According to an alert dated September 25th from the United States Computer Readiness Team (US-CERT), the Bash Shellshock bug (CVE-2014-6271) is a security flaw that affects UNIX, Linux, BSD, OS X and other UNIX derivatives. The flaw affects a commonly used, free software system called Bash that has been around since 1989. Many web servers use Bash to process certain commands, allowing an attacker to cause vulnerable versions of Bash to execute arbitrary commands. This permits hackers to take control of a vulnerable machine, steal data, shut down networks and cause other problems.
“Although bTrade products cannot be exploited by the Bash Shellshock security flaw, the systems on which they have been deployed might be”, commented, Clifton Gonsalves, VP of Engineering for bTrade. “We believe that the target of this vulnerability would be the public facing web servers and any other systems which may process user inputs, both directly and indirectly. We highly recommend that our customers get their operating systems patched as soon as possible”.

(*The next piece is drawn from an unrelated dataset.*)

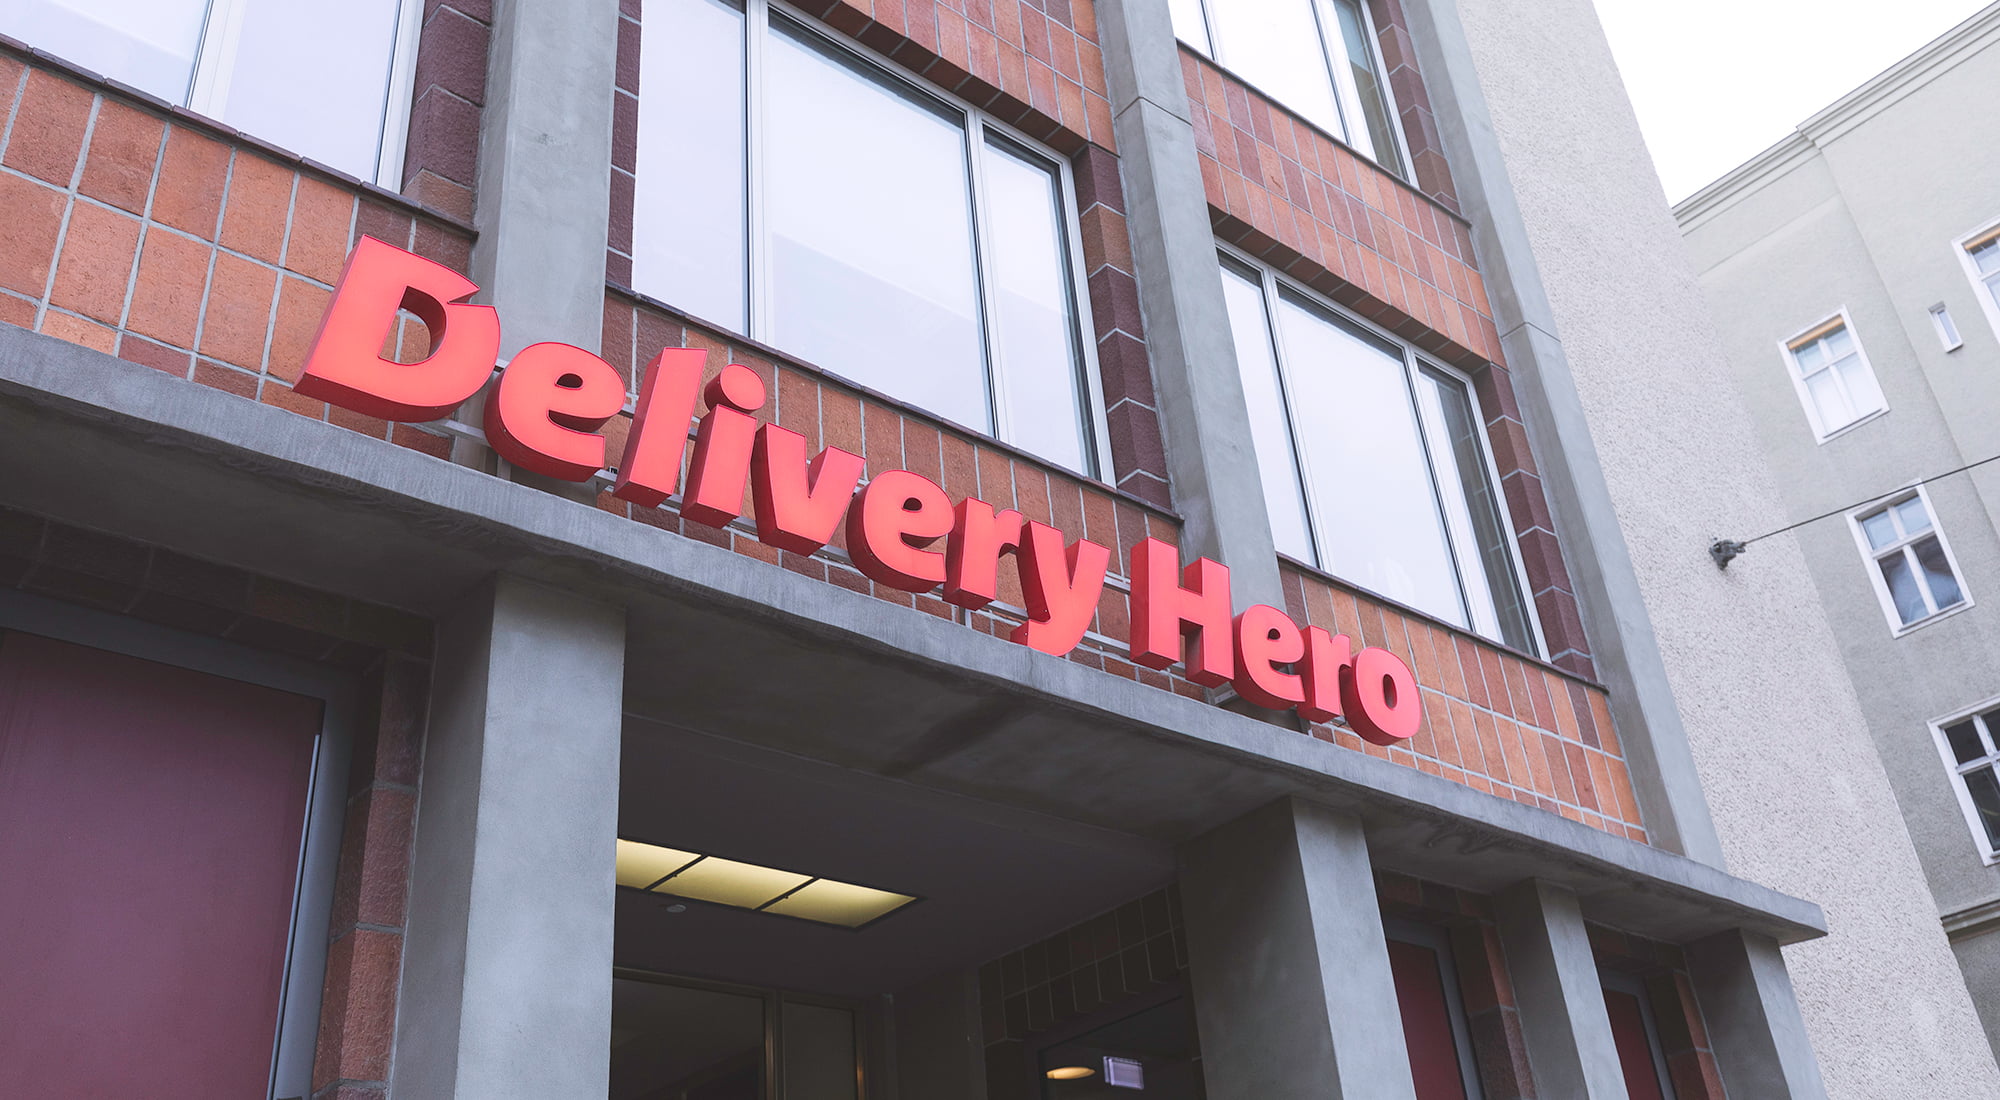 Delivery Hero appoints new Management Board member and reinforces commitment to sustainability

bTrade develops managed file transfer technology solutions for enterprises that share sensitive data across applications and organizations, and face complex security and compliance mandates. Thousands of customers depend on bTrade solutions to gain control and oversight of the movement of critical corporate data to facilitate data growth, reduce security risk, and improve IT and business efficiency. bTrade was founded in 1990 and is led by eBusiness visionaries who have delivered industry-leading business integration solutions to thousands of enterprise customers worldwide. bTrade is privately held and profitable with its global headquarters located in Glendale, California USA.